Marv Wolfman and George Perez were of coruse the creative team behind the highly successful 1980 re-launch, "The New Teen Titans." The roster featured Robin, Kid Flash, Wonder Girl, Doom Patrol's Changeling (formerly Beast Boy), Starfire, Cyborg and Raven.
While she'd love to get her hands on some of her old TV pals, Wolfram said focusing on the original team gives her a new challenge as a writer. "That's why it is very interesting to me to go back to this original lineup because the only character I've ever really dealt with was Robin," explained Wolfram.
"Aqualad, I guess, we had in a few of our episodes and we had two episodes with Kid Flash, but really the lineup is completely new to me. And the dynamics are new so to see them at that age and just getting together and forming, there's a lot more stories that can be told down the line.
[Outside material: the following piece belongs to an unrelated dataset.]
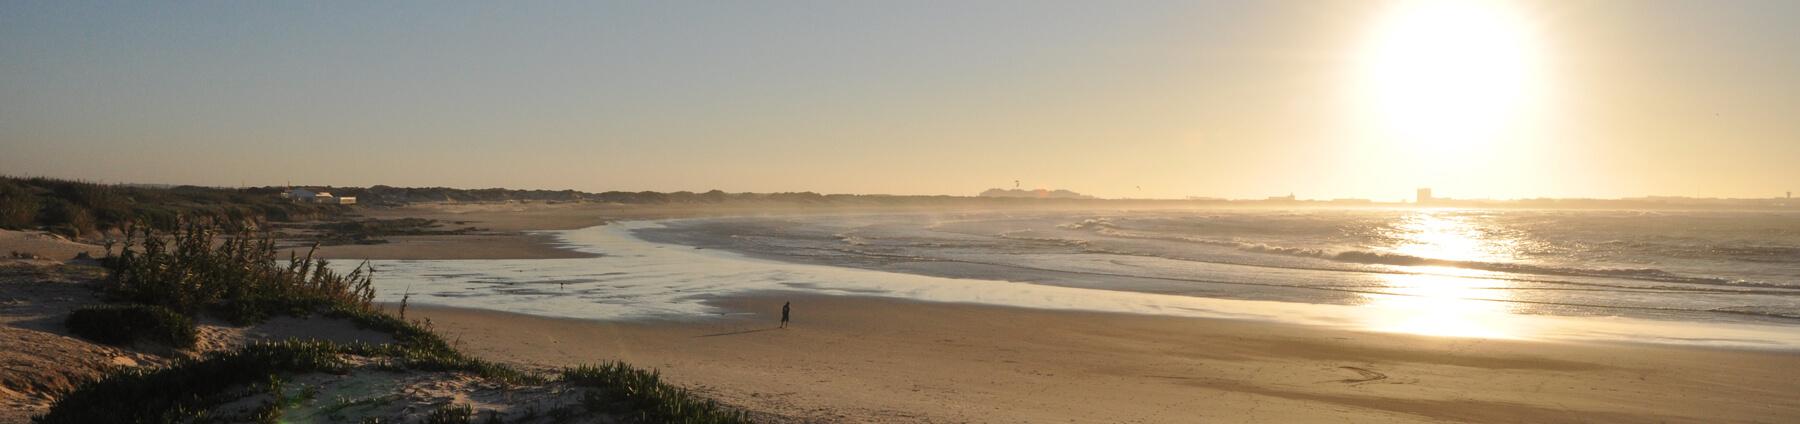 Baleal-och-Peniche-sunset-at-Silver-Coast

But we are really enjoying going back to the beginning and exploring how they came to be how they are."
Despite working together from either side of the American continent, Kerschl and Wolfram have found the series to be a collaborative effort while both adapting to a creative partner from a different medium. "[Working with a TV writer] is a huge change," said Kerschl. "I have never been discouraged talking to the writers that I have worked with, but it's always: I get a script and go ask a couple of questions and I just draw it. We don't really work that way on this. Amy is probably used to working in writing rooms and bouncing ideas back and forth. This process has been much more organic than anything I have been accustomed to. We are on the phone frequently just talking about the story before anything is written down. And because we work that way and because we have had a lot of time to work on it, we can kind of organically alter things from earlier issues to things we may want to do later. Each story is sort of an evolution, which is sort of more like way writing for television works."
Wolfram concurred, "I am used to having my storyboard artists in the room and my directors in the room, which is not typical of all animation. That's just the way we did it [on "Teen Titans"]. And I can't imagine doing certain things without Karl's input because he has to be able to see it, to draw it.
"And also, he'll come back to me and say, 'I need more pages here' or 'I don't get this scene' or whatever, so it's better if he can come back to me and go over it or I can give him new dialogue and neither of us feels like we are working in a vacuum. I think it would be very difficult for me to just turn over pages. Not that I don't trust him but I just think that it's more organic if we can talk back and forth and really collaborate, which is what I like to do."
With the writers' strike currently on in Hollywood, Wolfram says we may see her name attached to more comic book projects. "We'll see, we'll see," Wolfram remarked. "I am really enjoying it. I am really enjoying the way that Karl and I work together and it's definitely something that I am having a good time with."
Asked to describe "Teen Titans: Year One" in one word, Kerschl responded, "It's all very formative but if I had to take a word to describe it, it would be 'awkward.' They are all in the awkward stages."
"And 'transition,' too," said Wolfram. "They are all trying to get out of their awkward stage, and they will someday."
"Teen Titans: Year One" #1 ships January 2, 2008.